Although everyone who knew Norris lauded his sterling character — including liberal stars such as Ben Stiller, who worked with him in Dodgeball — his conservatism proved too much for Hollywoke media. “Chuck Norris Was a Great Action Star — but Politics May Overshadow His Legacy,” read the Variety headline on his death. Don’t think the show business rag stopped there.
“His roles were part of a body of work used to show American strength, might, and the pernicious attraction of taking the law into one’s own hands,” declared the article. “Something that seems less fun in a year in which our country is funneling money into bombing Iran and ICE agents are acting like one-man militias.” Not surprisingly, normal people blasted the publication. “Couldn’t wait a day … not even half a day,” tweeted Christian Toto of Hollywood in Toto. “Yeah, we can judge them.”
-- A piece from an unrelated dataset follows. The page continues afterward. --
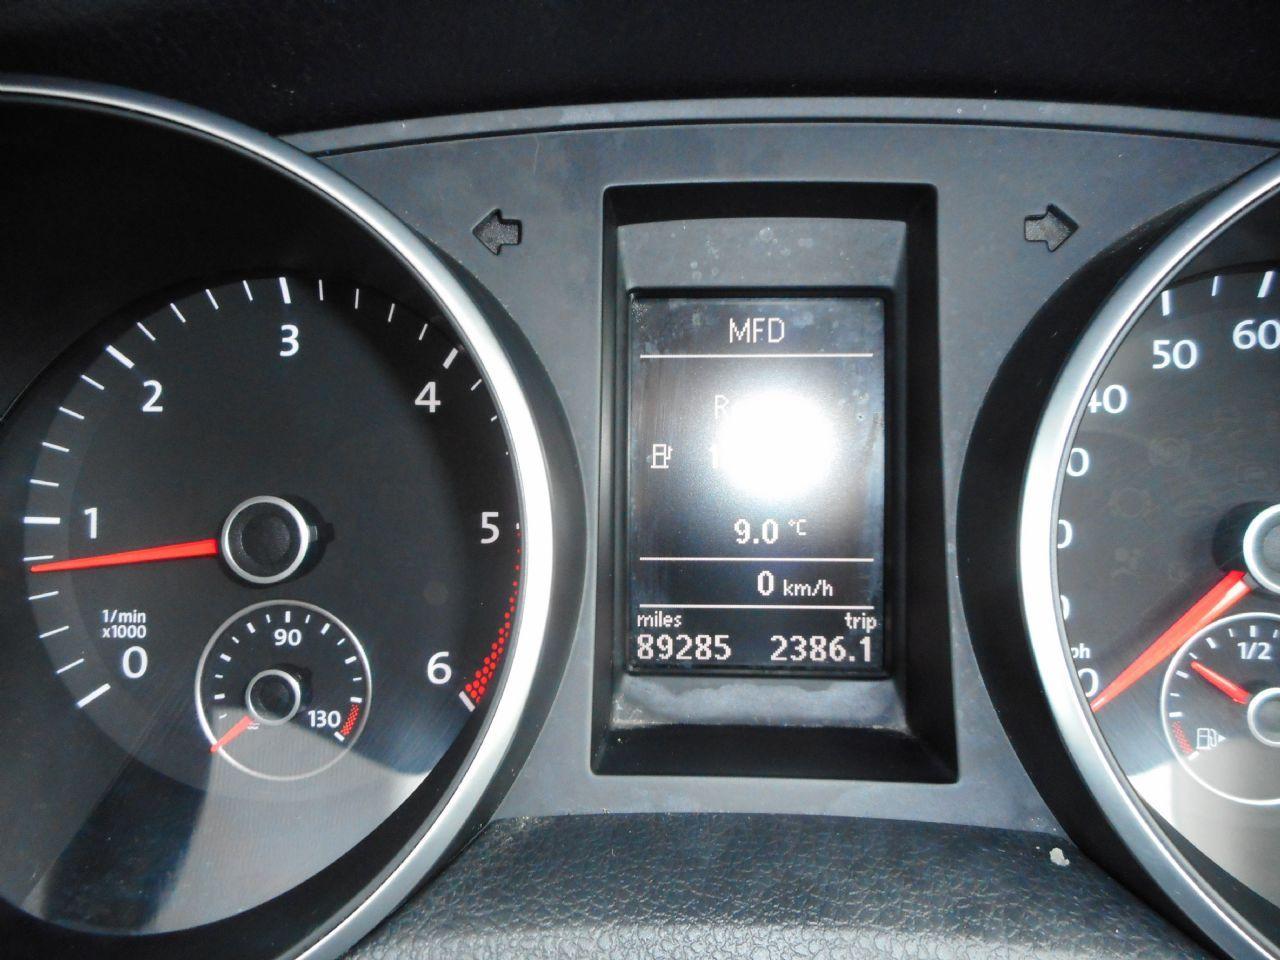 VOLKSWAGEN GOLF SE 1.6 TDI 105PS BlueMotion Tech (2011) - Picture 12
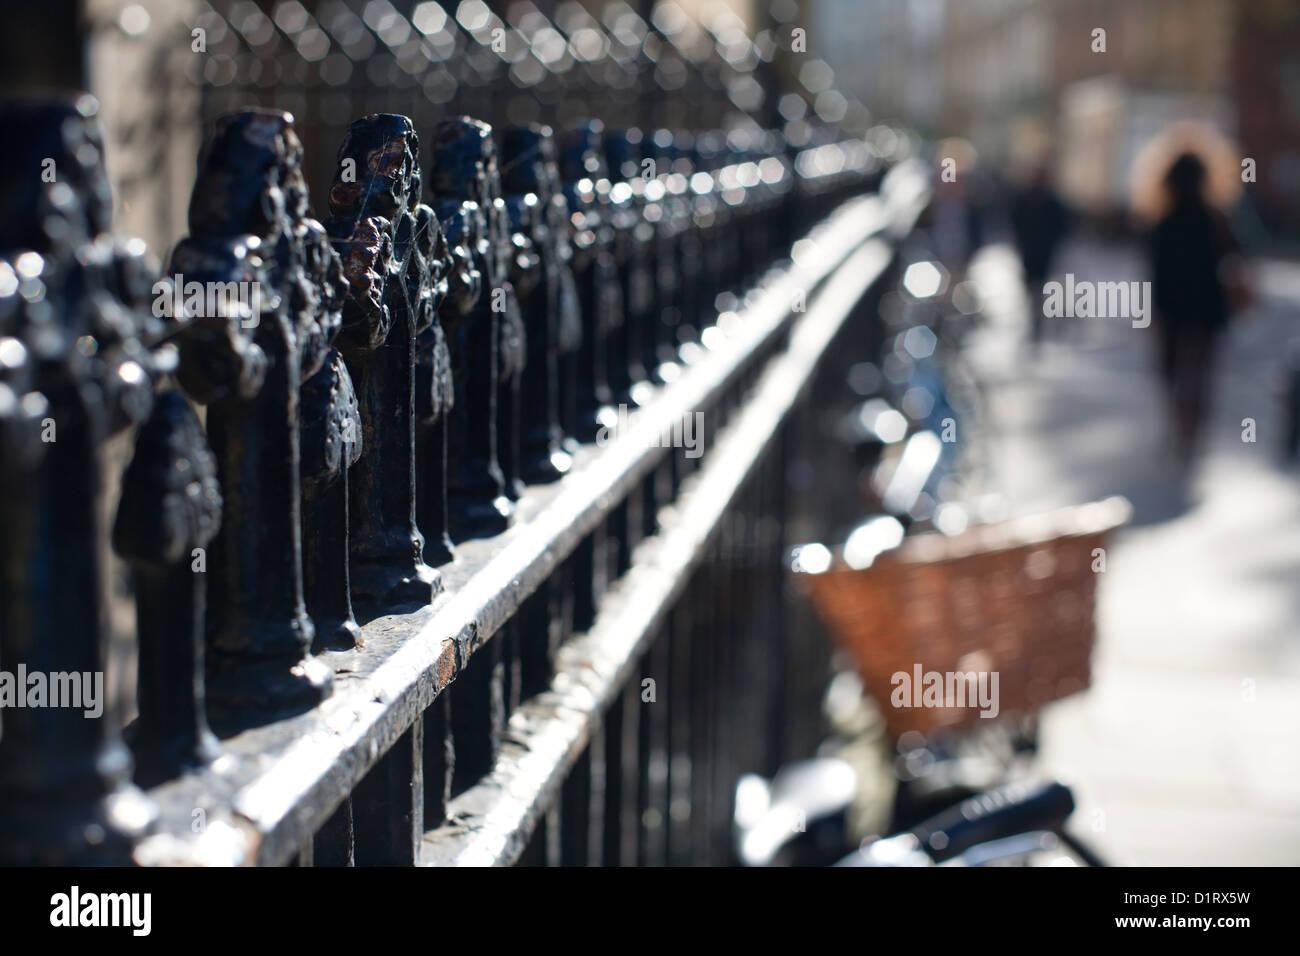 Cast Iron Railings on Trumpington Street Cambridge, England, UK - Stock Image

I ended up meeting with Gordon Dawson and two Walker staff writers, all men, one Asian, given the orientation of the show. They liked me, and asked for my episode ideas. I pitched a story about Walker and his father-in-law (played by the great Rod Taylor, whom I admired) on a weekend fishing trip encountering a possible Sasquatch-like killer (evoking Taylor’s role in Hitchcock’s The Birds). Gordon loved it, and told me to expect a contract.
I left the office so pumped, I was ready to take on Bruce Lee myself. The contract never came. Walker: Texas Ranger got prematurely cancelled that same season. So, I didn’t get to meet or write for Chuck Norris, only mourn the loss of him with the rest of the world.